3.2. Gelet op al het vorenstaande heeft de gemeente volgens De Burd c.s. de betrokken belangen zodanig onevenwichtig afgewogen, dat zij in redelijkheid niet heeft kunnen komen tot vaststelling van de verordeningen die strijdig zijn met het tussen De Burd c.s. en de gemeente gesloten (gewijzigde) convenant. Deze verordeningen, waarvan de uitvoering onrechtmatig is jegens De Burd c.s., moeten dan ook als onmiskenbaar onverbindend worden aangemerkt en dienen daarom door de voorzieningenrechter buiten werking te worden gesteld, althans de gemeente dient daartoe te worden verplicht, aldus De Burd c.s.
3.3. De gemeente voert gemotiveerd verweer, dat hierna - voor zoveel nodig - aan de orde zal komen.
4. De beoordeling van het geschil
4.1. Ten aanzien van het door de gemeente gedane beroep op misbruik van procesrecht overweegt de voorzieningenrechter als volgt.

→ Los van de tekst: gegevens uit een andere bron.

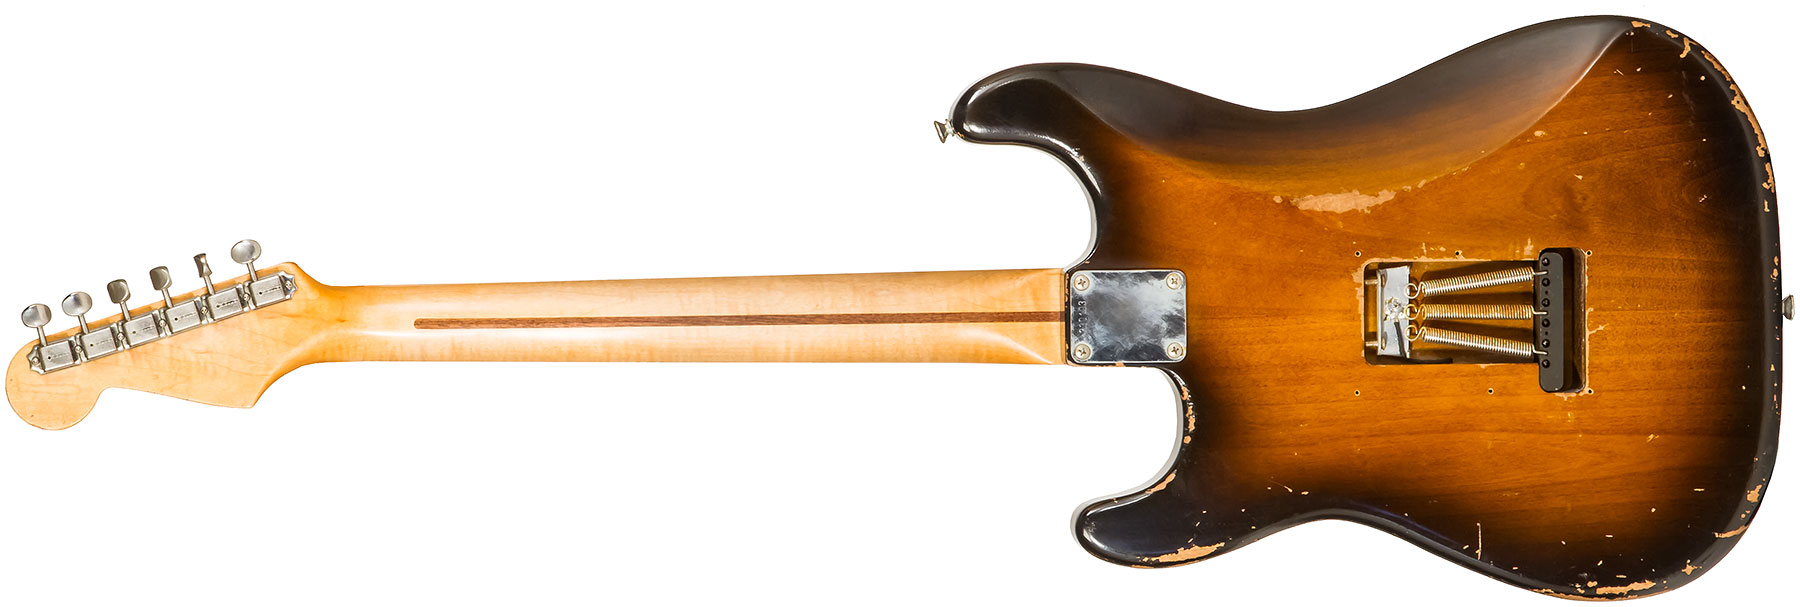 Rebelrelic S-series 54 3s Trem Mn #230103 - Medium Aged 2-tone Sunburst - Elektrische gitaar in Str-vorm - Variation 1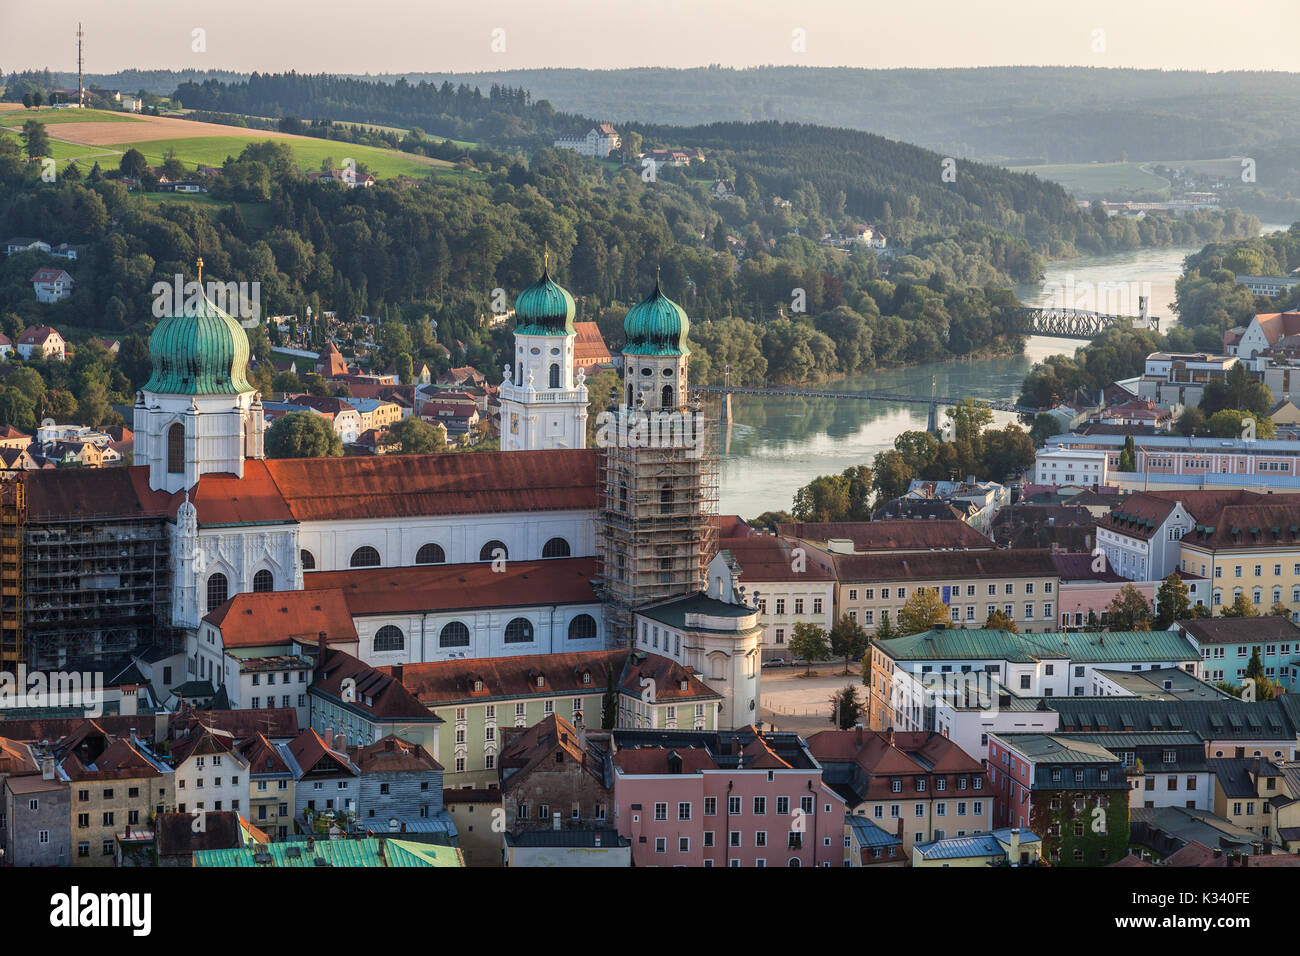 Vue de dessus de l'église et maisons typiques situé au milieu des collines verdoyantes et la rivière de la Basse Bavière Passau Allemagne Europe Banque D'Images

4.2. Vooropgesteld wordt dat aan een (eerder) vonnis in kort geding geen gezag van gewijsde toekomt, nu een zodanig vonnis slechts voorlopige oordelen en beslissingen bevat waaraan partijen in een bodemprocedure of een later kort geding niet zijn gebonden. De rechter in (een volgend) kort geding is verplicht om op alle in overeenstemming met de regelen van procesrecht aangevoerde relevante stellingen van partijen acht te slaan, ook als deze reeds in een eerder kort geding tussen dezelfde partijen naar voren gebracht hadden kunnen worden, maar niet naar voren gebracht zijn. Dit lijdt slechts uitzondering, wanneer de betreffende partij door pas in het tweede kort geding deze stellingen in te roepen, misbruik van procesrecht zou maken. Dit zal zich kunnen voordoen, wanneer deze stellingen, in weerwil van een redelijk belang van de tegenpartij dat daarop reeds destijds terstond zou worden beslist, in het eerdere kort geding zonder redelijke grond zijn achtergehouden. (zie HR 8 oktober 1993, NJ 1994, 508). De enkele omstandigheid dat de eisende partij niet in hoger beroep is gekomen van een (zoals in dit geval, afwijzend) vonnis in een eerder kort geding waarin hij mede dezelfde feiten aan zijn vordering ten grondslag had gelegd, behoeft niet mee te brengen dat de rechter in het tweede kort geding zich moet onthouden van een (herhaald) onderzoek van die feiten. Wel kan dat achterwege laten van hoger beroep onder omstandigheden bijdragen tot het oordeel dat het opnieuw en op dezelfde inhoudelijke gronden in kort geding vorderen van een eerder in kort geding geweigerde voorziening misbruik van procesrecht oplevert (zie HR 16 december 1994, NJ 1995, 213).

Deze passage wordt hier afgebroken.